Altitude is a confounding factor within the Athlete Biological Passport (ABP) due, in part, to the plasma volume (PV) response to hypoxia. Here, a newly developed PV blood test is applied to assess the possible efficacy of reducing the influence of PV on the volumetric ABP markers; haemoglobin concentration ([Hb]) and the OFF-score. Endurance athletes (n=34) completed a 21-night simulated live-high train-low (LHTL) protocol (14 h.d-1 at 3000 m). Bloods were collected twice pre-altitude; at days 3, 8, and 15 at altitude; and 1, 7, 21, and 42 days post-altitude. A full blood count was performed on the whole blood sample. Serum was analysed for transferrin, albumin, calcium, creatinine, total protein, and low-density lipoprotein. The PV blood test (consisting of the serum markers, [Hb] and platelets) was applied to the ABP adaptive model and new reference predictions were calculated for [Hb] and the OFF-score, thereby reducing the PV variance component.
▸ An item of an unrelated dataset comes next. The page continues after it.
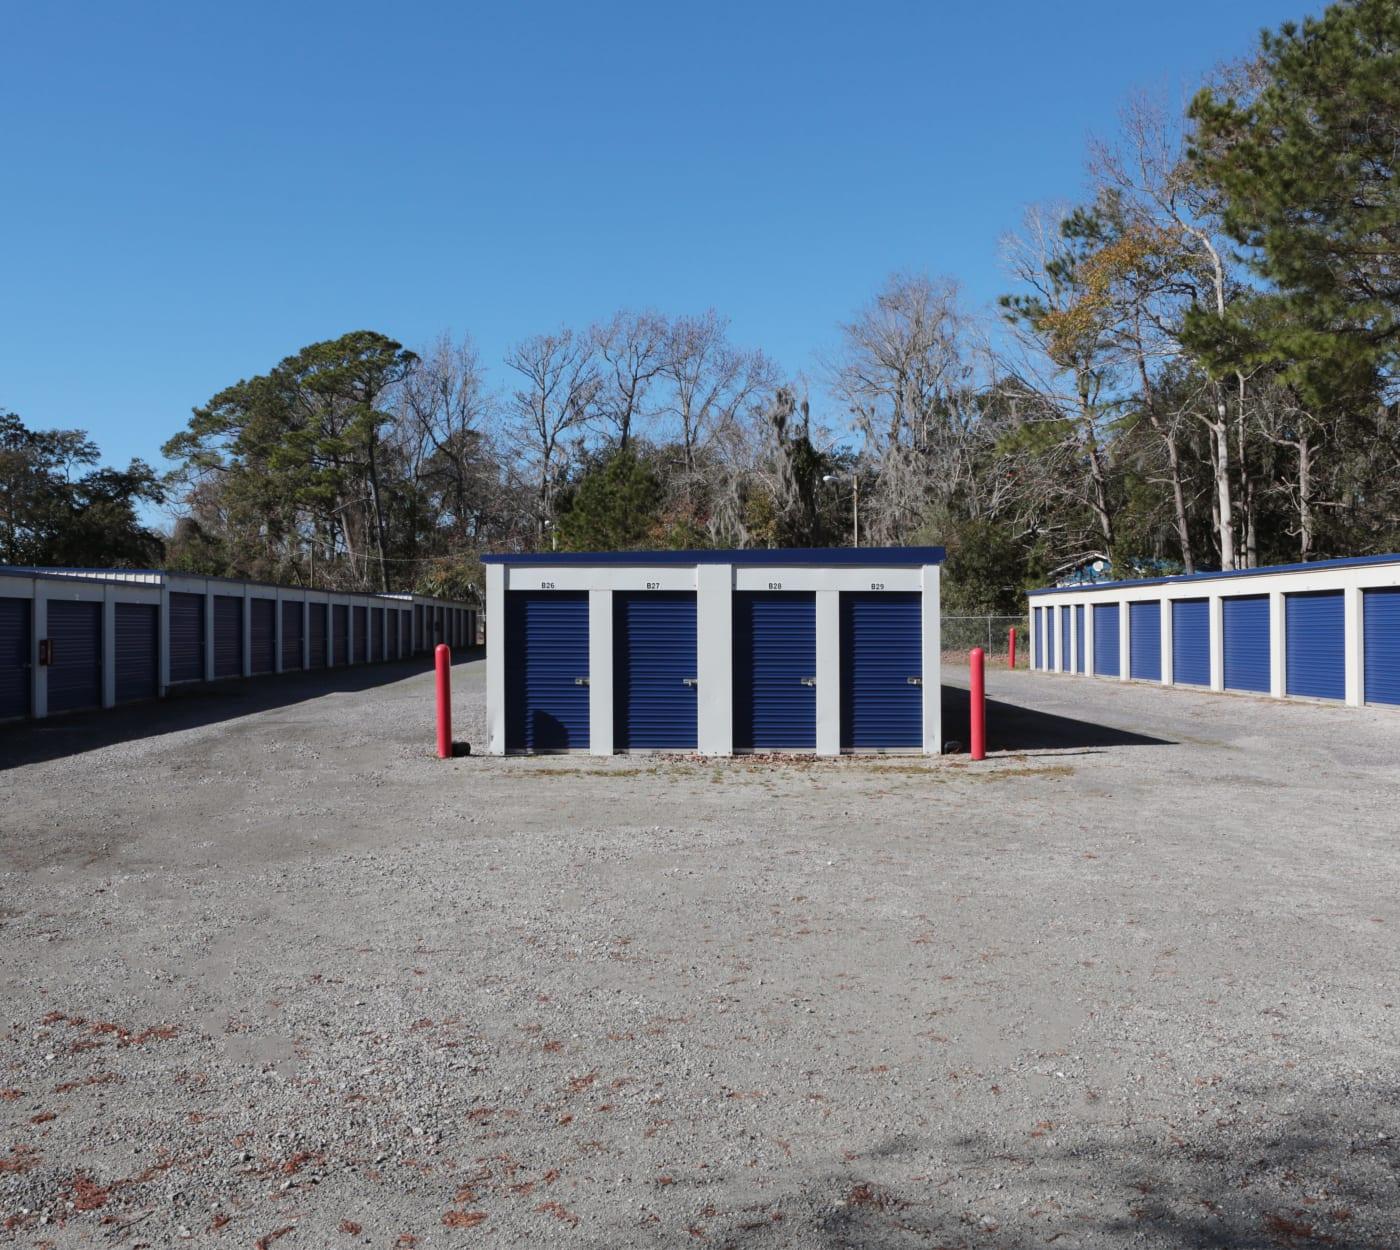 External units at Midgard Self Storage in Murrells Inlet, South Carolina

The PV correction refined the ABP reference predictions. The number of atypical passport findings (ATPFs) for [Hb] was reduced from 7 of 5 subjects to 6 of 3 subjects. The OFF-score ATPFs increased with the PV correction (from 9 to 13, 99% specificity); most likely the result of more specific reference limit predictions combined with the altitude-induced increase in red cell production. Importantly, all abnormal biomarker values were identified by a low confidence value. Although the multifaceted, individual physiological response to altitude confounded some results, the PV model appears capable of reducing the impact of PV fluctuations on [Hb].

Influence of combined iron supplementation and simulated hypoxia on the haematological module of the athlete biological passport.

The integrity of the athlete biological passport (ABP) is underpinned by understanding normal fluctuations of its biomarkers to environmental or medical conditions, for example, altitude training or iron deficiency. The combined impact of altitude and iron supplementation on the ABP was evaluated in endurance-trained athletes (n = 34) undertaking 3 weeks of simulated live-high: train-low (14 h.d-1 , 3000 m). Athletes received either oral, intravenous (IV) or placebo iron supplementation, commencing 2 weeks prior and continuing throughout hypoxic exposure. Venous blood was sampled twice prior, weekly during, and up to 6 weeks after altitude. Individual ABP thresholds for haemoglobin concentration ([Hb]), reticulocyte percentage (%retic), and OFF score were calculated using the adaptive model and assessed at 99% and 99.9% specificity. Eleven athletes returned values outside of the calculated reference ranges at 99%, with 8 at 99.9%. The percentage of athletes exceeding the thresholds in each group was similar, but IV returned the most individual occurrences. A similar frequency of abnormalities occurred across the 3 biomarkers, with abnormal [Hb] and OFF score values arising mainly during-, and %retic values mainly post- altitude. Removing samples collected during altitude from the model resulted in 10 athletes returning abnormal values at 99% specificity, 2 of whom had not triggered the model previously. In summary, the abnormalities observed in response to iron supplementation and hypoxia were not systematic and mostly in line with expected physiological adaptations. They do not represent a uniform weakness in the ABP. Nevertheless, altitude training and iron supplementation should be carefully considered by experts evaluating abnormal ABP profiles.